I'm currently doing analysis and design for a new message bus architecture in my company. I have tried MSMQ to do something like this in the past and it works well and was thinking of doing the same thing again for this project but using WCF as the API instead of using the System.Messaging API. Has anyone had experience with MSMQ in WCF? Is it easier to use then the System.Messaging API? What would be some benefits of using WCF over System.Messaging or vice versa?

+6  A: 

IMHO, with so many good, flexible and proven bus architectures to choose from (NServiceBus, Mass Transit, Rhino Service Bus), implementing your own would be a big NIH. It's not a trivial task.

Udi describes it very well in this message.

Mauricio Scheffer
mausch thank you for the information about the message bus systems already out there. I didn't know that there were already systems like this open to the public!
b_richardson
+2  A: 

the Apache ActiveMQ (open source) message broker also has a .NET client:

http://activemq.apache.org

Together with Apache Camel and Apache ServiceMix, enterprise integration patterns and enterprise service bus systems are easy to set up.

mjustin
Thanks for the info mjustin! I'll check it out!
b_richardson
+2  A: 

Sorry, coming very late to this, but hopefully my answer is useful.

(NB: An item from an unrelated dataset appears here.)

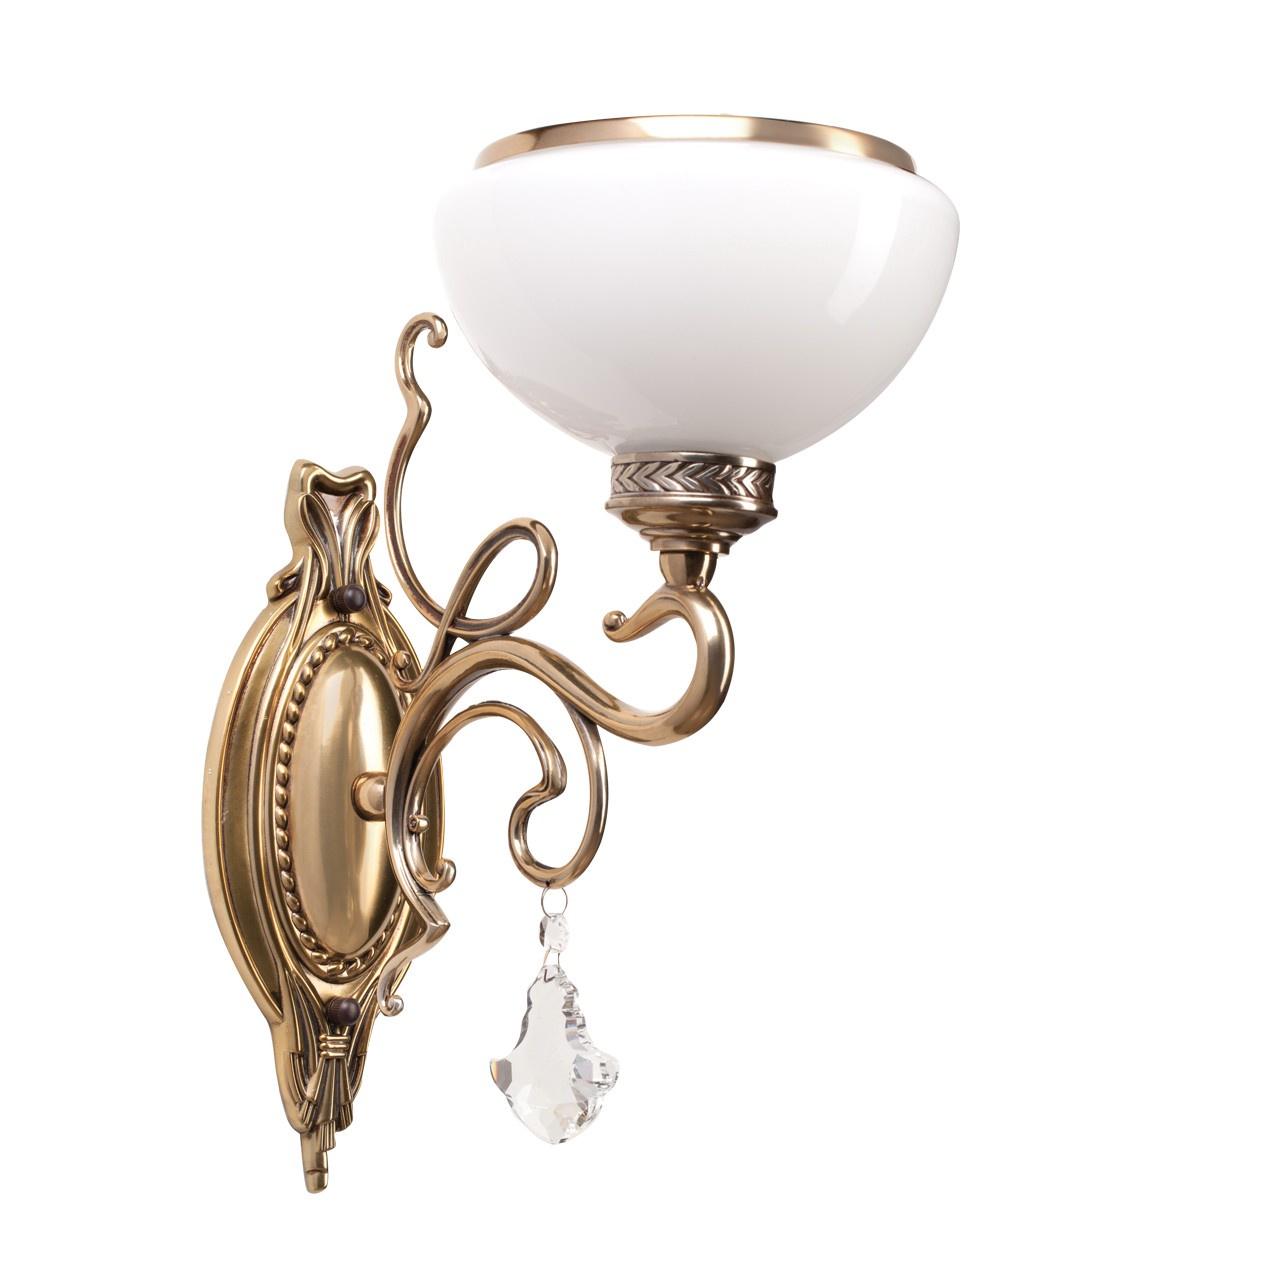 Настенный светильник MW Аманда, 481020401, бронза бра аманда 5 481021401 mw light 1113614 page 4

Both WCF Queuing and System.Messaging are wrappers over the MSMQ APIs. WCF is more sophisticated, with the following benefits:

  • An OO view of your application's business processes rather than its communication plumbing.
  • End-to-end message encryption and authentication for free. System.Messaging only supports encryption on the wire, not in the store.
  • Hosting within IIS, rather than having to build your own custom host.
  • Message correlation for free. This allows you to group messages into sessions automatically.
  • Transactional batching for free.